Option 2: Remove Duplicate Rows Using an Intermediate Table
You can create an intermediate table and use it to remove duplicate rows. This is done by transferring only the unique rows to the newly created table and deleting the original one (with the remaining duplicate rows).
To do so follow the instructions below.
1. Create an intermediate table that has the same structure as the source table and transfer the unique rows found in the source:
CREATE TABLE [copy_of_source] SELECT DISTINCT [columns] FROM [source_table];
For instance, to create a copy of the structure of the sample table dates
the command is:
CREATE TABLE copy_of_dates SELECT DISTINCT id, day, month, year FROM dates;
2. With that done, you can delete the source table with the drop command and rename the new one:
DROP TABLE [source_table];
ALTER TABLE [copy_of_source] RENAME TO [source_table];
For example:
DROP TABLE dates;
ALTER TABLE copy_of_dates RENAME TO dates;
Option 3: Remove Duplicate Rows Using ROW_NUMBER()
Important: This method is only available for MySQL version 8.02 and later. Check MySQL version before attempting this method.

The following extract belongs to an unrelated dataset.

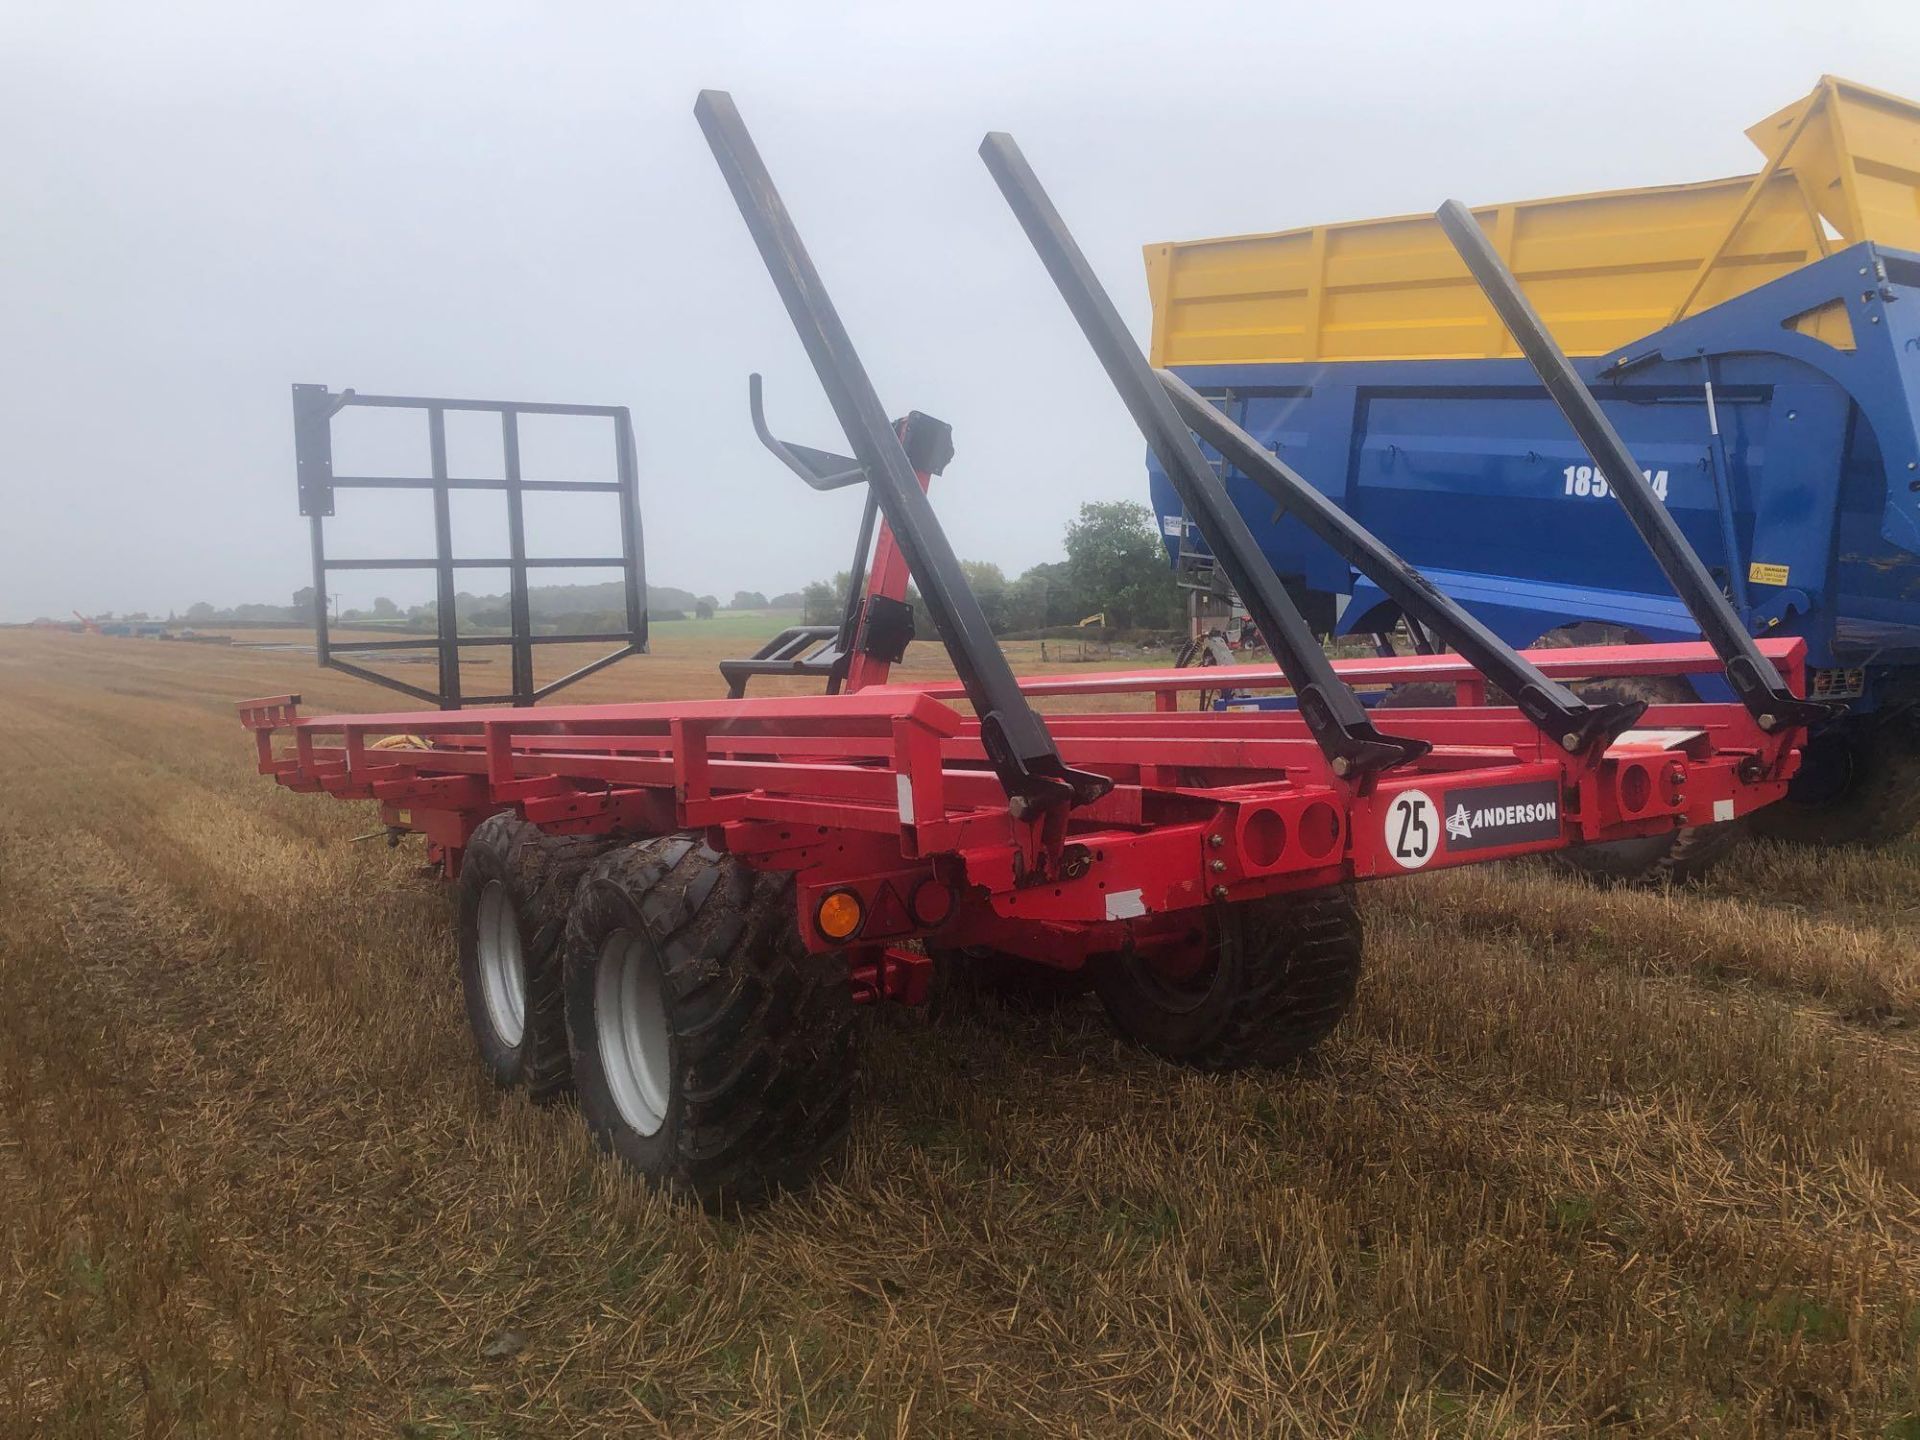 2014 Anderson TRB2000 twin axle bale chaser with air brakes & flotation tyres. Holds 20 round bales. - Image 5 of 5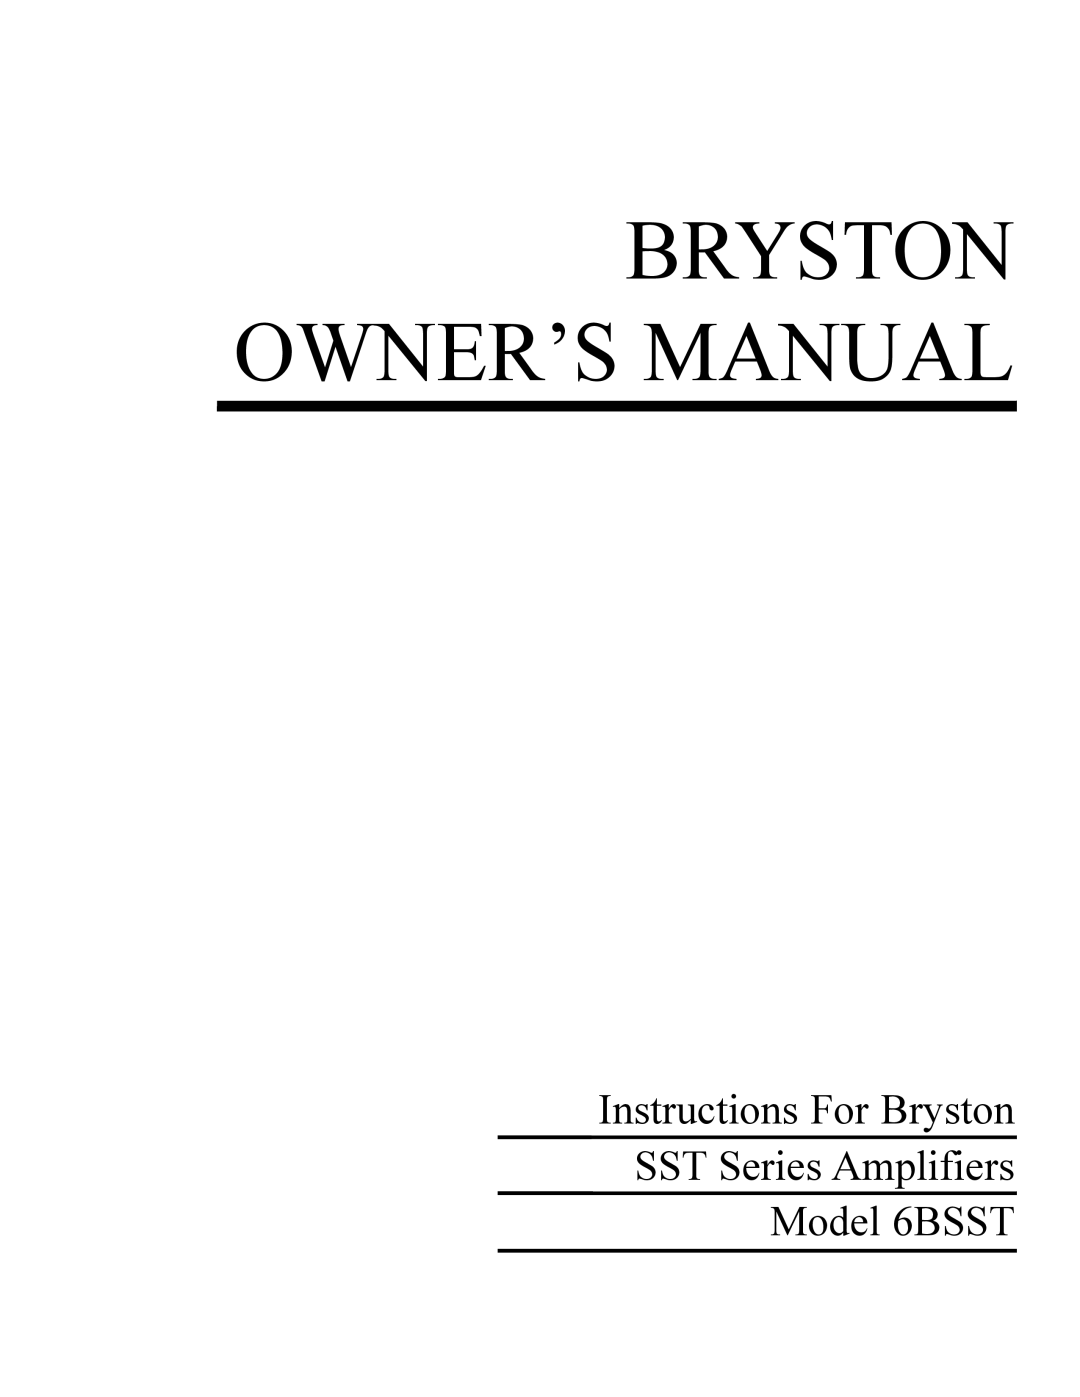 Bryston owner manual Instructions For Bryston SST Series Amplifiers, Model 6BSST

Another way to delete duplicate rows is with the ROW_NUMBER()
function.
SELECT *. ROW_NUMBER () Over (PARTITION BY [column] ORDER BY [column]) as [row_number_name];
Therefore, the command for our sample table would be:
SELECT *. ROW_NUMBER () Over (PARTITION BY id ORDER BY id) as row_number;
The results include a row_number column. The data is partitioned by id and within each partition there are unique row numbers. Unique values are labeled with row number 1, while duplicates are 2, 3, and so on.
Therefore, to remove duplicate rows, you need to delete everything except the ones marked with 1. This is done by running a DELETE
query with the row_number
as the filter.
To delete duplicate rows run:
DELETE FROM [table_name] WHERE row_number > 1;
In our example dates table, the command would be:
DELETE FROM dates WHERE row_number > 1;
The output will tell you how many rows have been affected, that is, how many duplicate rows have been deleted.
You can verify there are no duplicate rows by running:
SELECT * FROM [table_name];
For instance:
SELECT * FROM dates;
Note: Consider using SQL query optimization tools as well to find the best way to execute a query and improve performance.
Conclusion
You should now be able to remove duplicate rows in MySQL and improve your database performance. Remember, new implementations of MySQL strict mode have limited the functionality of the required functions.